A Imagem do Arcabouço Curativo:
o universo da verdade que o artista tem acesso primeiro que o
cientista1
Regina Ricci
Nise da Silveira, em seu texto “O mundo das Imagens”2, nos aguça a percepção de
que somos constituídos de dois planos imagéticos: aquele externo mediado pelo olhar e o plano
interno que traz e transforma o invisível no visível. No entanto, estes dois planos resultam em
uma unidade, um sentido particular constatado pela experiência do viver. E esta distinção que
ocorre no universo imagético se apresenta justamente para percebermos a importância da
visualização da imagem interna quando o terreno tratado é a experiência psíquica.
Da profundidade da psique outras imagens se apresentam de um plano arcaico, de
um plano mitológico acionadas em um evento presente. Na citação da Dra. Nise da Silveira, “...
entre os terminais nervosos dos órgãos dos sentidos e a imagem que aparece na consciência está
interpolado um processo inconsciente que transforma o fato físico da luz, por exemplo, na
imagem psíquica luz”. (Silveira, 1992 apud Jung)3
Nada de material é dado à consciência. São imagens que nos são remetidas por um
complexo aparelho nervoso.
Ainda, conforme discorre a autora, o século XIX foi denominado século do livro,
devido, certamente, à predominância da palavra. Em tal século, o predomínio da imagem é
completamente percebido pelos nossos sentidos em todos os planos da comunicação e, no
entanto, quando se trata do plano científico, este fato não recebe o crédito correspondente ao
volume e intenção das mensagens dirigidas. Para os cientistas, há uma deturpação da realidade
dado a instabilidade presente nestas mensagens.
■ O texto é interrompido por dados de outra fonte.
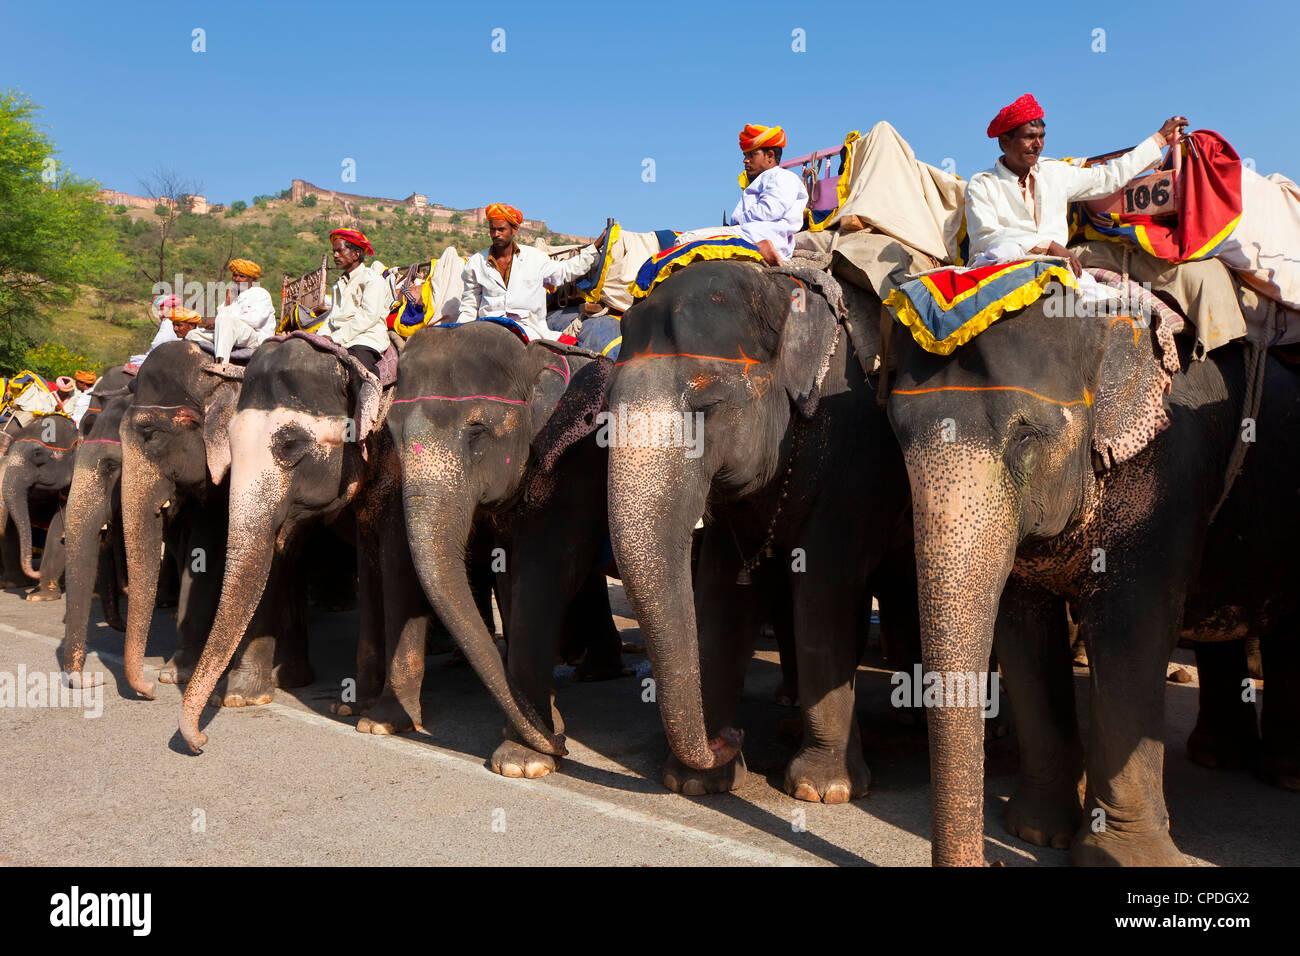 Gli elefanti in attesa di portare i turisti a Forte Amber vicino a Jaipur, Rajasthan, India, Asia Immagini Stock

Os cientistas, em suas proposições baseadas no plano cartesiano, não trabalham e
não cogitam a atividade a partir de uma situação em que a imaginação se faça presente, mesmo
reconhecendo que uma filtragem perfeita na ordem racional é impossível.
Silveira apresenta as conclusões de cientistas como Wolfang Pauli, que investigou a
origem interior das teorias científicas em paralelo com as pesquisas da realidade externa e
Kepler, que propunha a tese de que a imagem simbólica vem antes da construção de uma lei
natural e consciente, sendo então as imagens simbólicas e as concepções arquetípicas que levam
à busca das leis naturais.
Kepler partiu da idéia da imagem do Deus Criador, imagem central e solar por
excelência pra chegar à sua teoria da estrutura heliocêntrica do mundo.
1
Resenha elaborada no Programa de Pós-Graduação Interunidades em Estética e História da
Arte do Museu de Arte Contemporânea da Universidade de São Paulo– disciplina “Estética e Rupturas”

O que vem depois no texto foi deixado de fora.